We had the chance to see quite a bit of clusters in our years of experience with Kubernetes (both managed and unmanaged - on GCP, AWS and Azure), and we see some mistakes being repeated. No shame in that, we’ve done most of these too! Let’s try to show the ones we see very often and talk a bit about how to fix them.

1. resources - requests and limits

  • CPU request are usually either not set or sey very low (so that we can fit a lot of pods on each node) and nodes are thus over commited. In time of high demand the CPUs of the node are fully utilized and our workload is getting only “what it had requested” and gets CPU throttled, causing increased application latency, timeouts, etc.

  • On the other hand, having a CPU limit can unnecessarily throttle pods even if the node’s CPU is not fully utilized which again can cause increased latency. There is a an open discussion around CPU CFS quota in linux kernel and cpu throttling based on set spu limits and turning off the CFS queta. CPU limits can cause more problems than they solve. See more in the link below.

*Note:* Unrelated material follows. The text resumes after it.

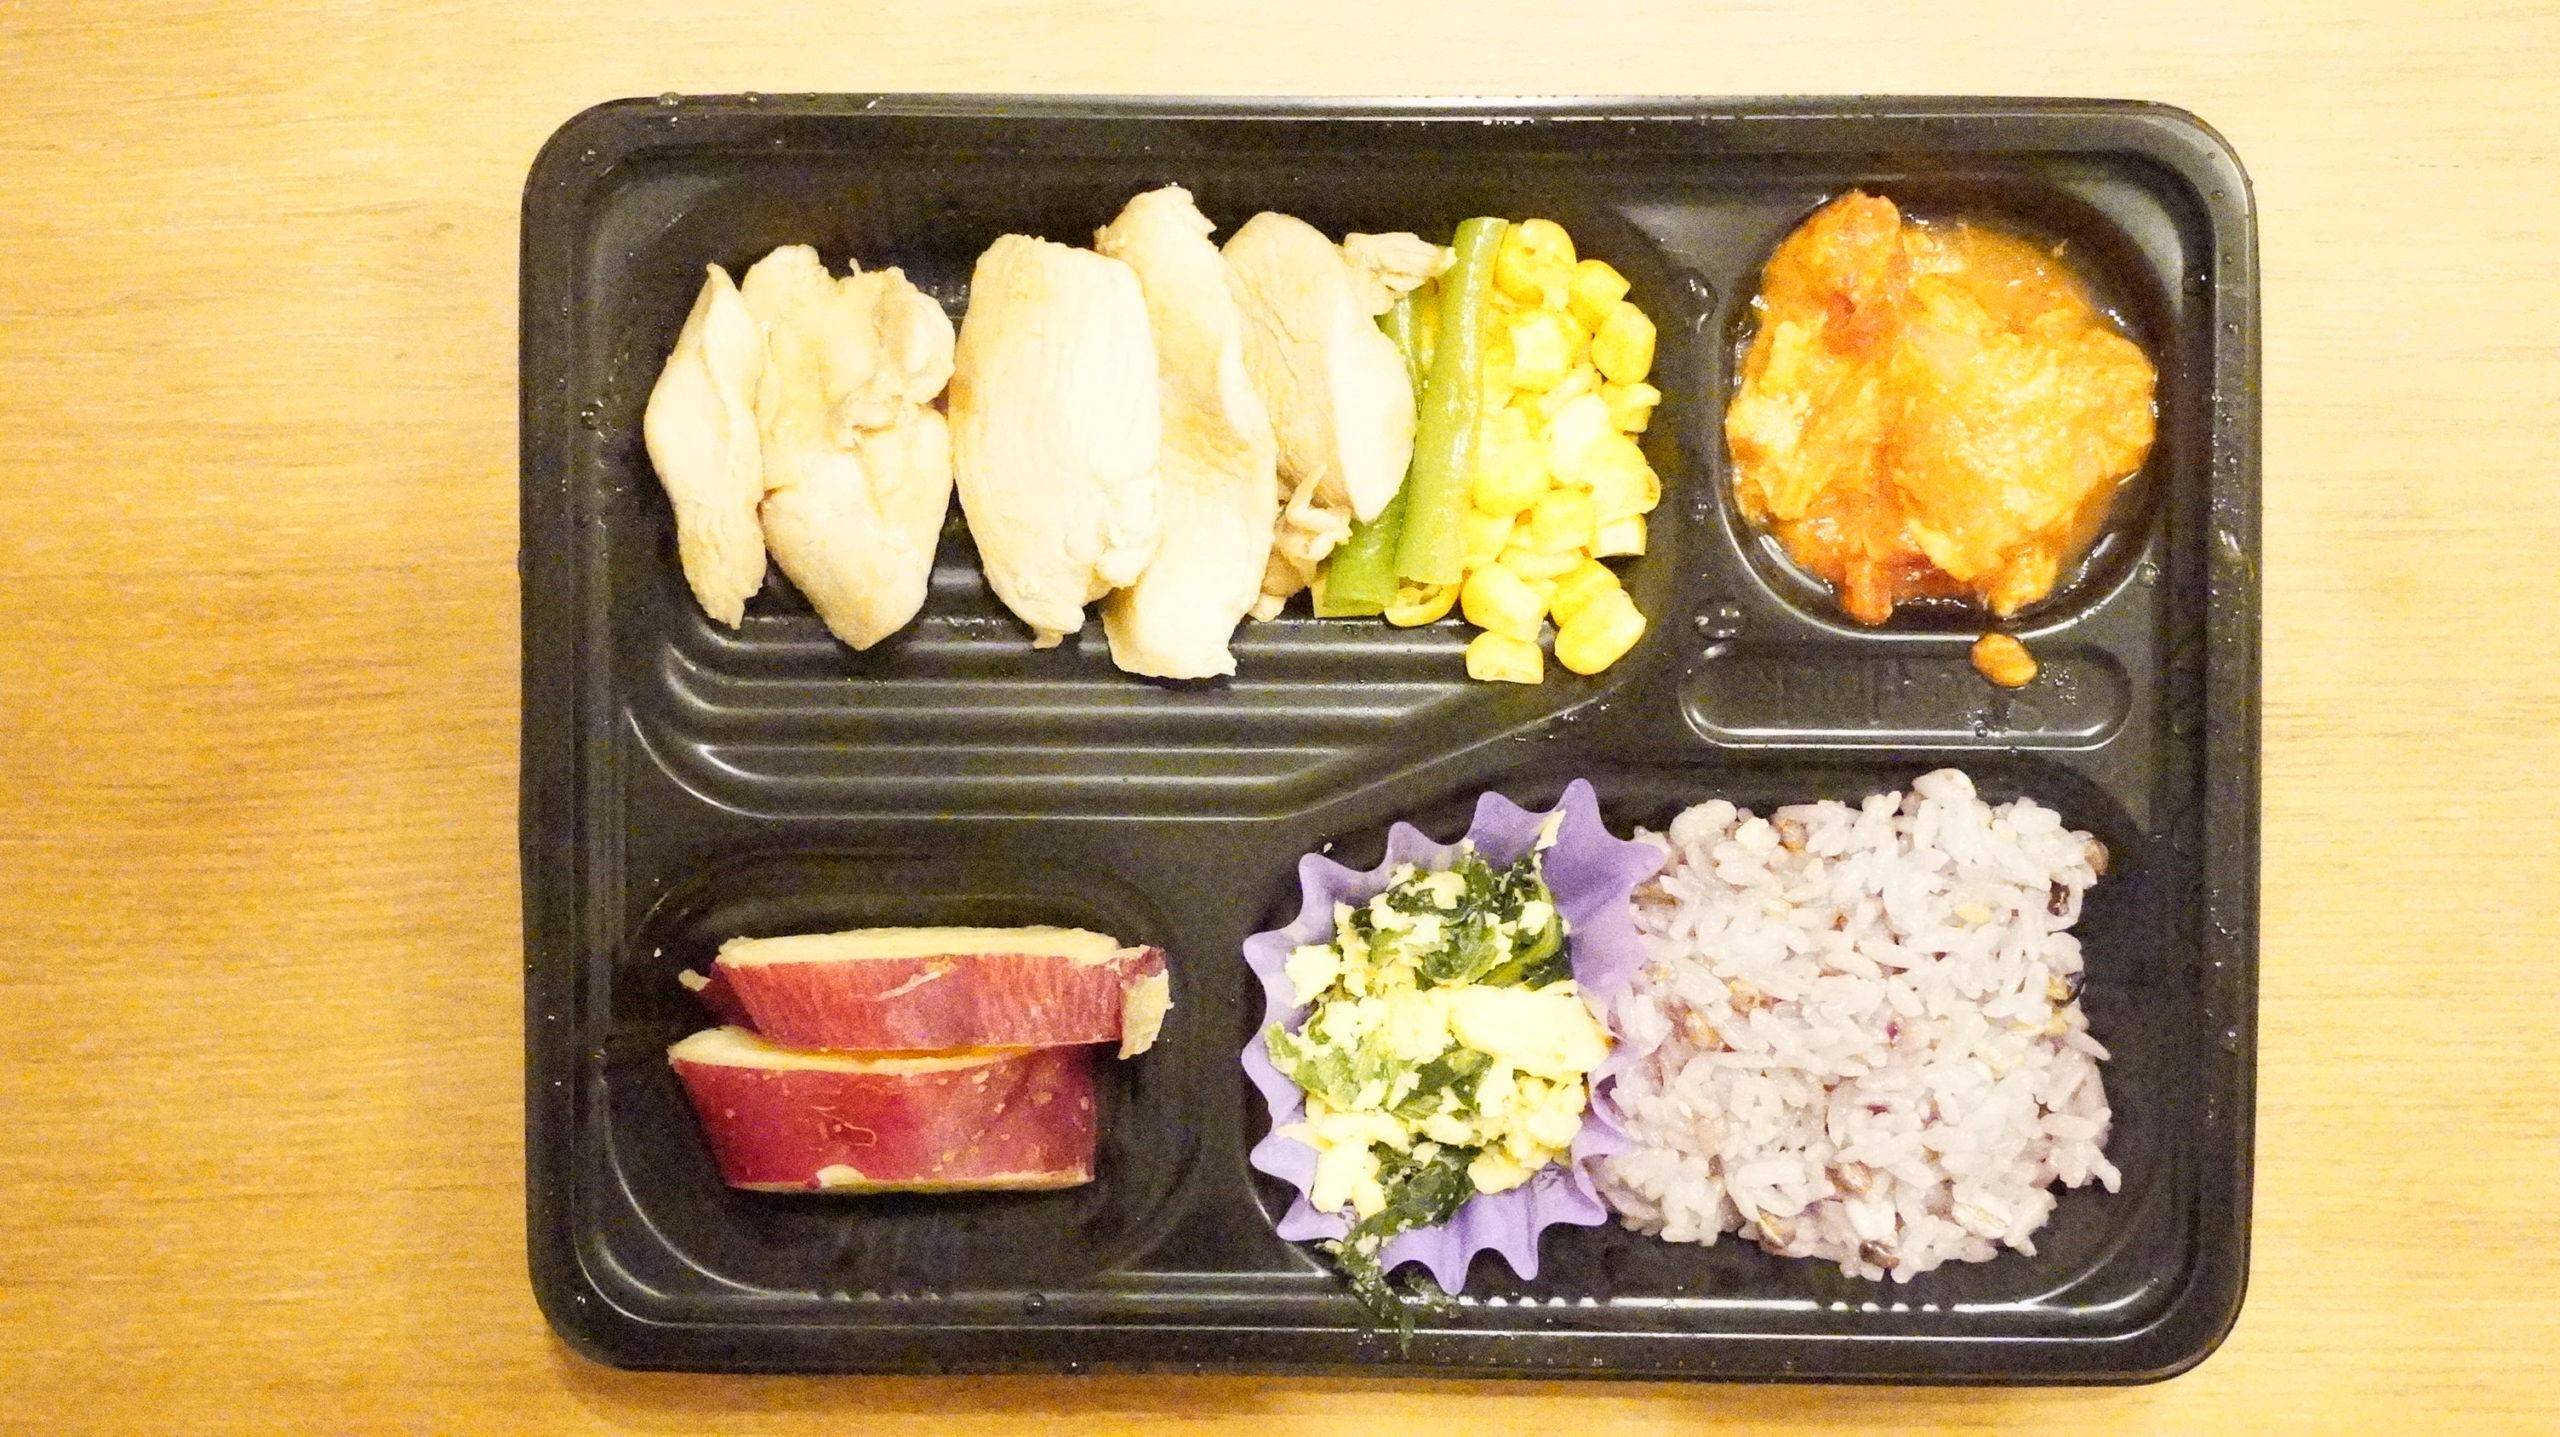 More than Deli(モアザンデリ)の冷凍弁当「鶏肉のいため煮」を上から撮影した写真
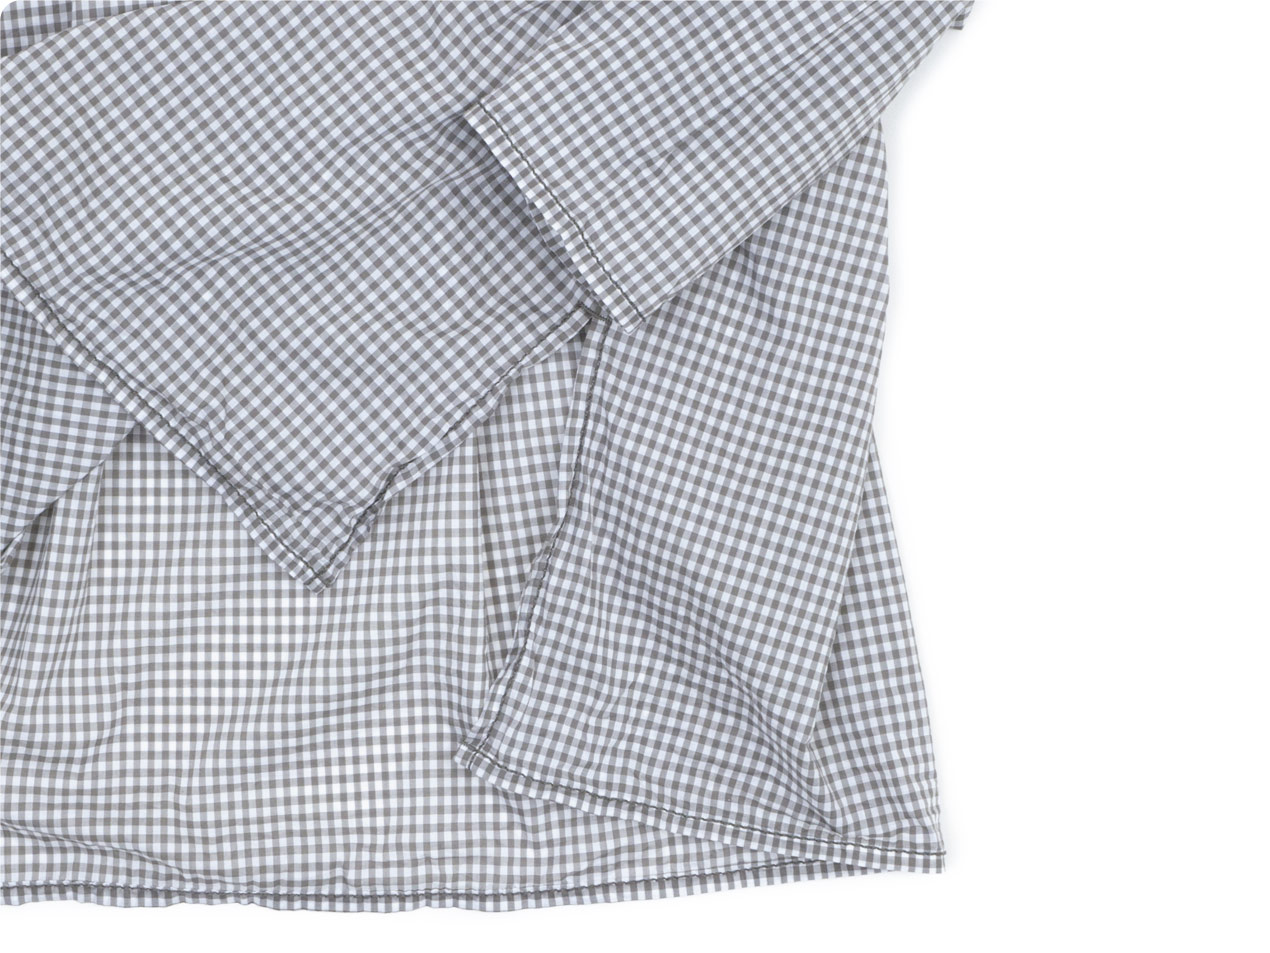 homspun 80/1ギンガム スタンドカラー プルオーバーシャツ

  • Memory overcommiting can get you in more trouble. Reaching a CPU limit result in throttling, reaching memory limit will get your pod killed(OOMKill). If you want to minimize how often it can happen, don’t overcommit your memory and use Guaranteed Qos settign memory request equal to limit like in the example below. (reference)

  • Burstable (more likely to get OOMkilled more often):

    resources:
    requests:
    memory: "128Mi"
    cpu: "500m"
    limits:
    memory: "256Mi"
    cpu: 2
  • Guaranteed:

    resources:
    requests:
    memory: "128Mi"
    cpu: 2
    limits:
    memory: "128Mi"
    cpu: 2
  • You can see the current cpu and memory usage of pods (and containers in them) using metrics-server. It can help you when setting resources. Simply run these:

    Terminal window
    kubectl top pods
    kubectl top pods --containers
    kubectl top nodes
  • However these show just the current usage. That is great to get the rough idea about the numbers but you end up wanting to see these usage metrics in time (to answer questions like: what was the cpu usage in peak, yesterday morning, etc.). For that, you can use Prometheus, DataDog and many others. They just ingest the metrics from metrics-server and store them, then you can query & graph them.

  • VerticalPodAutoscaler can help you automate way this manual process - looking at cpu/mem usage in time and setting new requests and limits based on that all over again.

2. liveness and readiness probes

  • Liveness probe restarts your pod if the probe fails

  • Readiness probe disconnects on fail the failing pod from the kubernetes service (you can check this in kubectl get endpoints) and no more traffic is being sent to it until the probe succeeds again.

  • By default there are no liveness and readiness probes specified. It stay that way, how else would your servie get restarted when there is an unrecoverable error? How does a loadbalancer know a specific pod can start handling traffic? Or handle more traffic? liveness and readiness probes are both run during the whole pod lifecycle, and that is very important for Important for recovering pods.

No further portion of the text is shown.